Search code examples
javastringfilefileinputstream

Look for an amount of substring in a file Java


I am looking for an amount of substring in a file In brief, the file contains a certain amount of article, and I need to know how many. Each article starts with: @ARTICLE{ or with @ARTICLE{(series of integer)

Useful infos: - I have 10 files to look in - No files are empty - This code gives me a StringIndexOutOfBounds exception

Here is the code I have so far:

//To read through all files
    for(int i=1; i<=10; i++)
    {
    try
        {       
            //To look through all the bib files
            reader = new Scanner(new FileInputStream("C:/Assg_3-Needed-Files/Latex"+i+".bib"));
            System.out.println("Reading Latex"+i+".bib->");

            //To read through the whole file
            while(reader.hasNextLine())
            {
                String line = reader.nextLine();
                String articles = line.substring(1, 7);

                if(line.equals("ARTICLE"))
                    count+=1;
            }
        }
    catch(FileNotFoundException e)
        {
            System.err.println("Error opening the file Latex"+i+".bib");
        }
    }
    System.out.print("\n"+count);

Solution

  • Try just using String#contains on each line:

    while(reader.hasNextLine()) {
        String line = reader.nextLine();
        if (line.contains("ARTICLE")) {
            count += 1;
        }
    }
    

    This would at least get around the problem of having to take a substring in the first place.

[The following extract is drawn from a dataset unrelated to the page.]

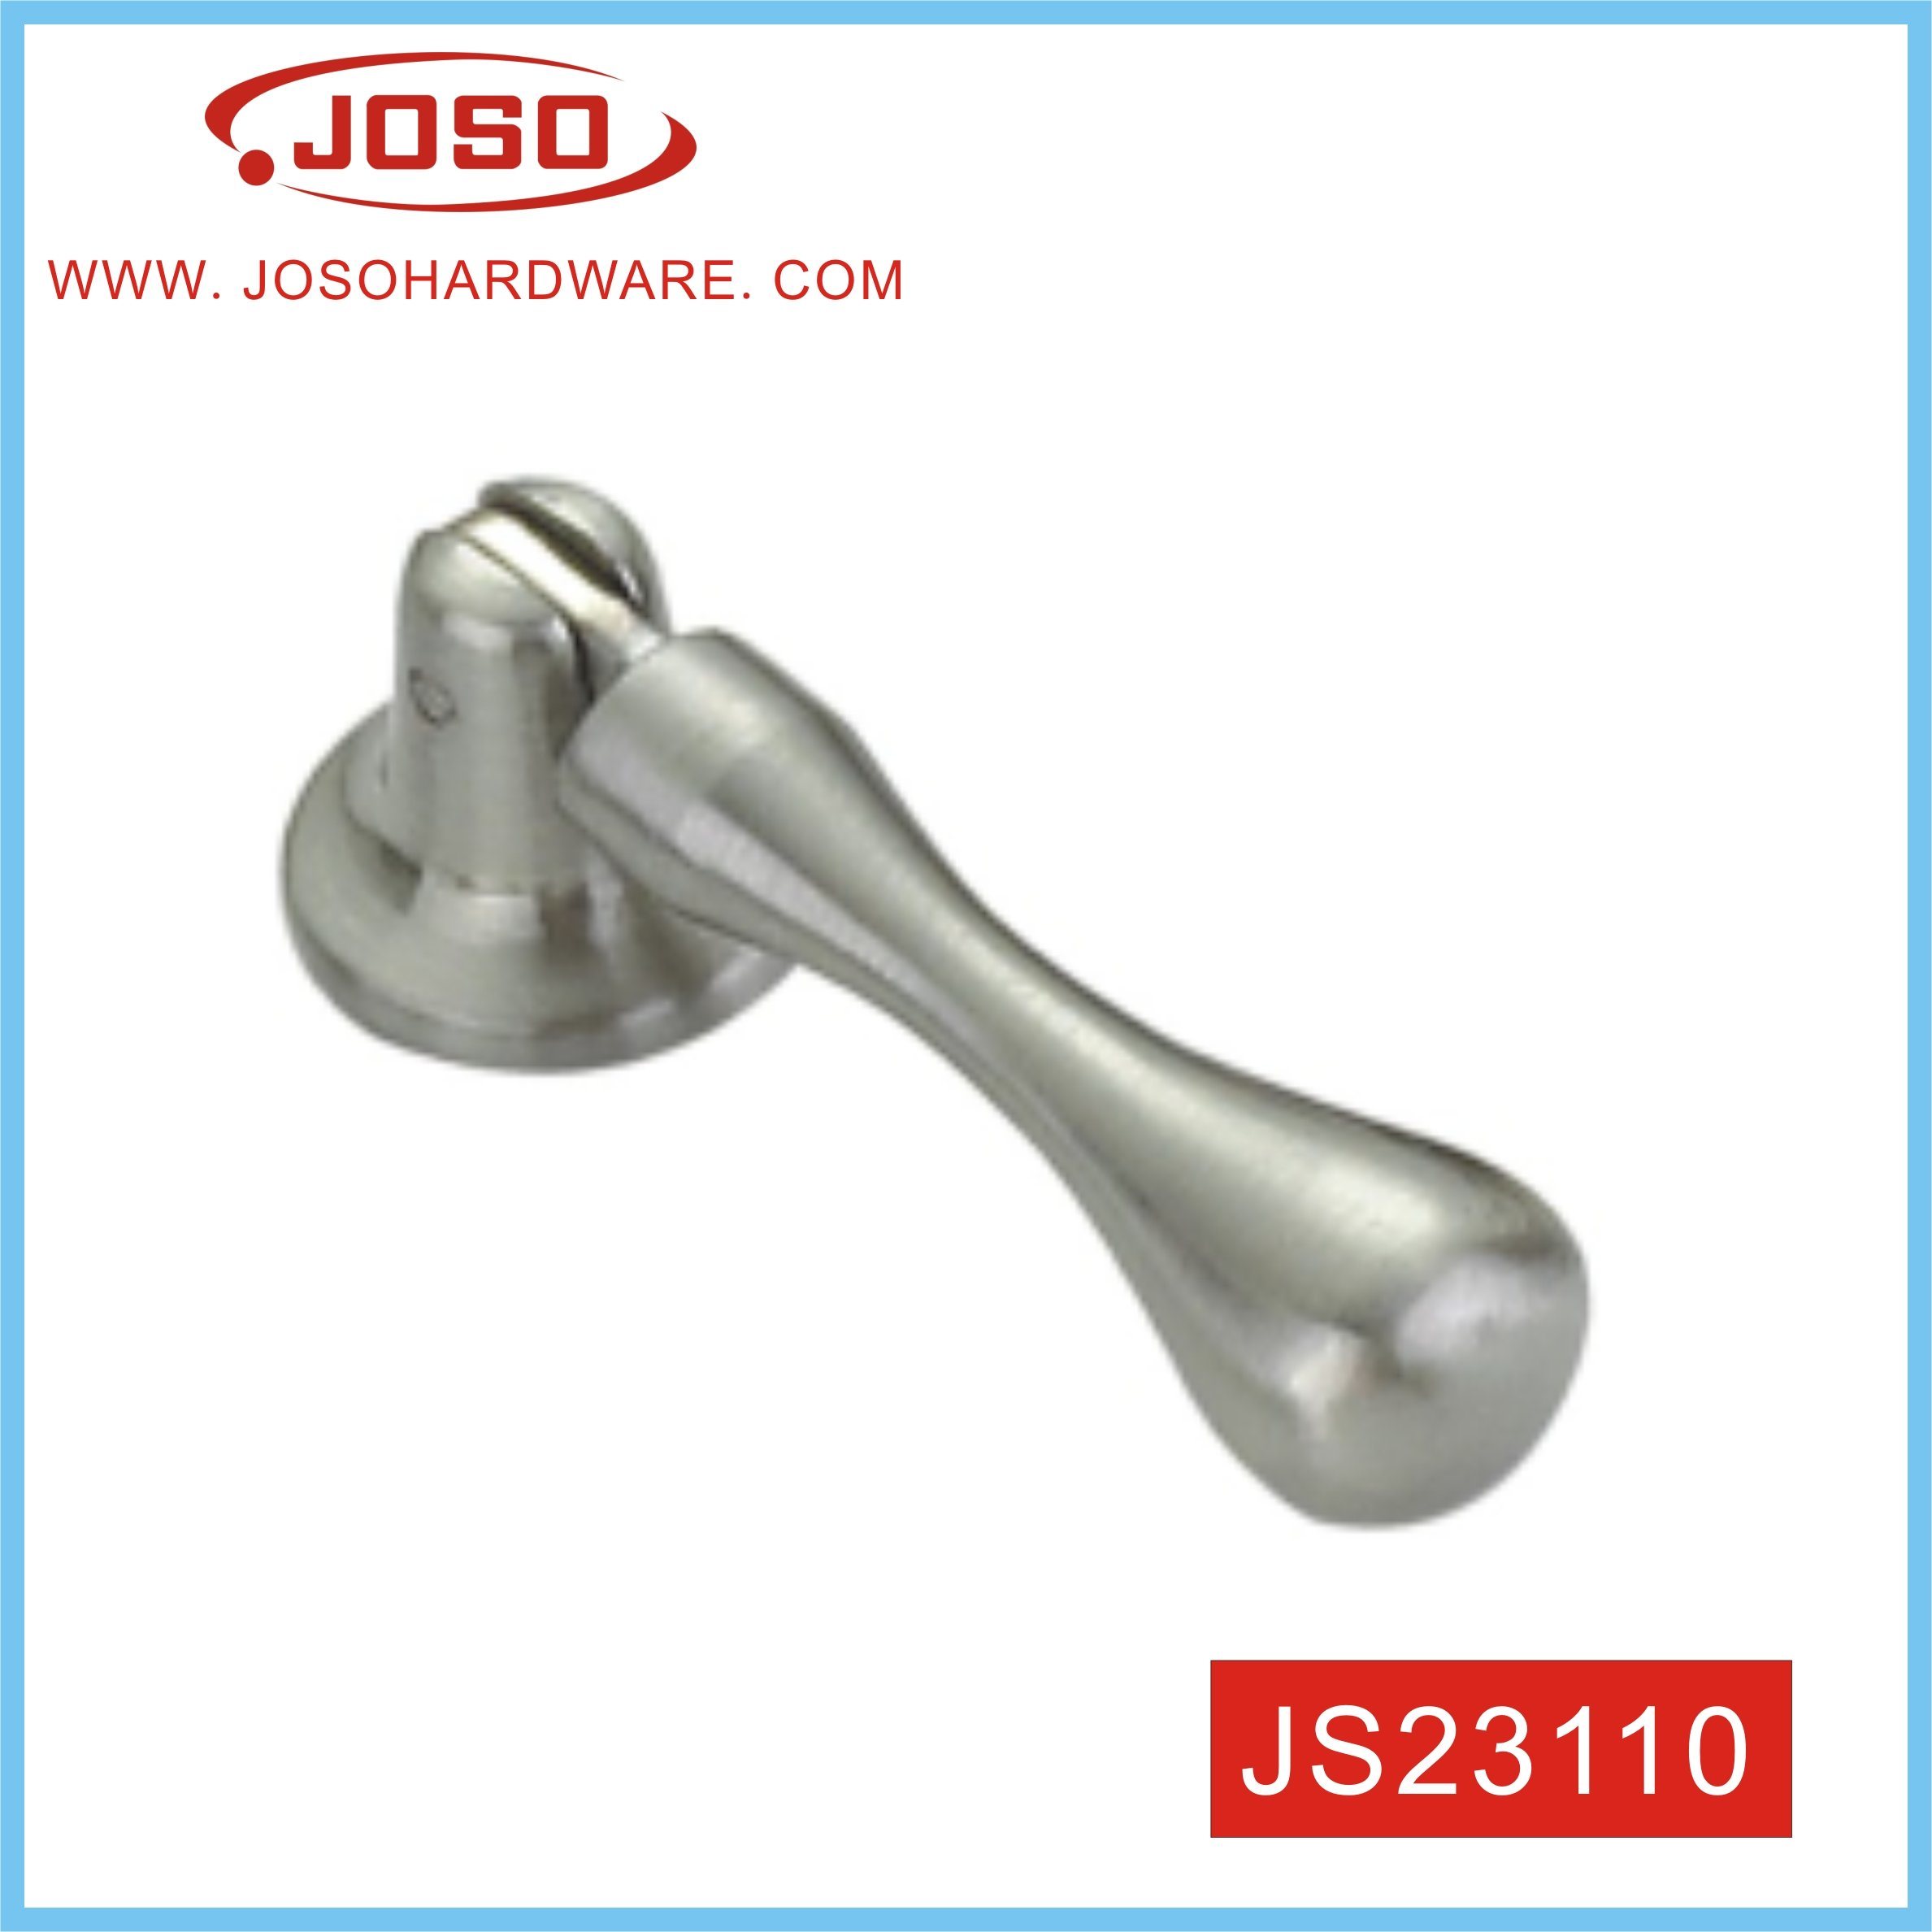 Silver Colour Furniture Pull Handle for Cabinet Drawer

The problem is that while matching lines should not have the out of bounds exception, nor should lines longer than 7 characters which don't match, lines having fewer than 7 characters would cause a problem.

    You could also use a regex pattern to make sure that you match ARTICLE as a standalone word:

    while(reader.hasNextLine()) {
        String line = reader.nextLine();
        if (line.matches("\\bARTICLE\\b")) {
            count += 1;
        }
    }
    

    This would ensure that you don't count a line having something like articles in it, which is not your exact target.